SamStudio8 commented 4 years ago

@jagos01 I have a minimal working example to trigger this issue now. I'll let you know when I've fixed it.

jagos01 commented 4 years ago

calls_to_bam is pointing to medaka-SpoIIA_test.flye25.ctg.cns.racon-ont-4.medaka-ont-1.fa/pre_calls_to_draft.bam which looks the right place. Thanks, Scott

SamStudio8 commented 4 years ago

Hi Scott, this was a silly mistake from me. I forgot the paths will be relative here. The symlinks are dangling because they are not created relative to the current location. I've added the -r flag to the step to create the link properly (https://github.com/SamStudio8/reticulatus/commit/639664ec41a0db717e3172ffdac82f98d716088a). The step completes on my example and successfully runs medaka.

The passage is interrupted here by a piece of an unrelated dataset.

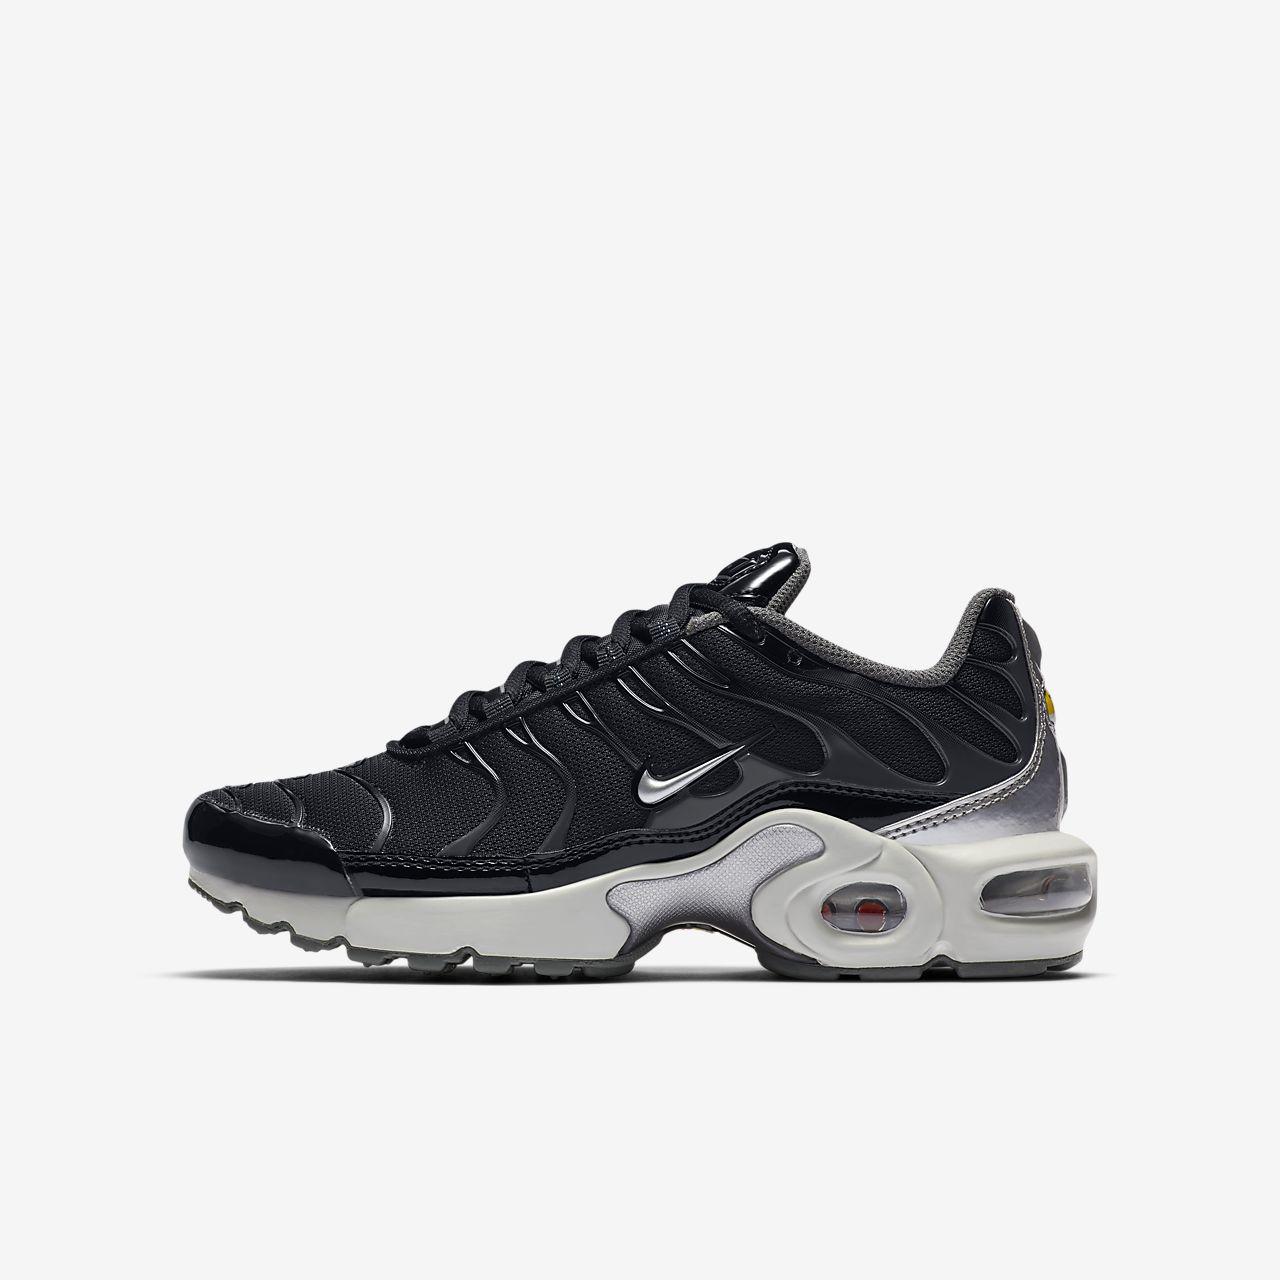 size 40 813a1 114be ... Chaussure Nike Air Max Plus Y2K pour Enfant plus âgé

jagos01 commented 4 years ago

Thanks Sam, he pipeline finished with medaka on my end as well. Scott

SamStudio8 commented 4 years ago

@jagos01 Excellent. Sorry about that - overriding the calls to draft BAM was the last thing I was working on before COVID so it took me a little bit of time to get back in the driving seat and remember what I was doing. Thanks for your patience, I hope the assembly looks good!

jagos01 commented 4 years ago

No worries. Thanks again for all your help.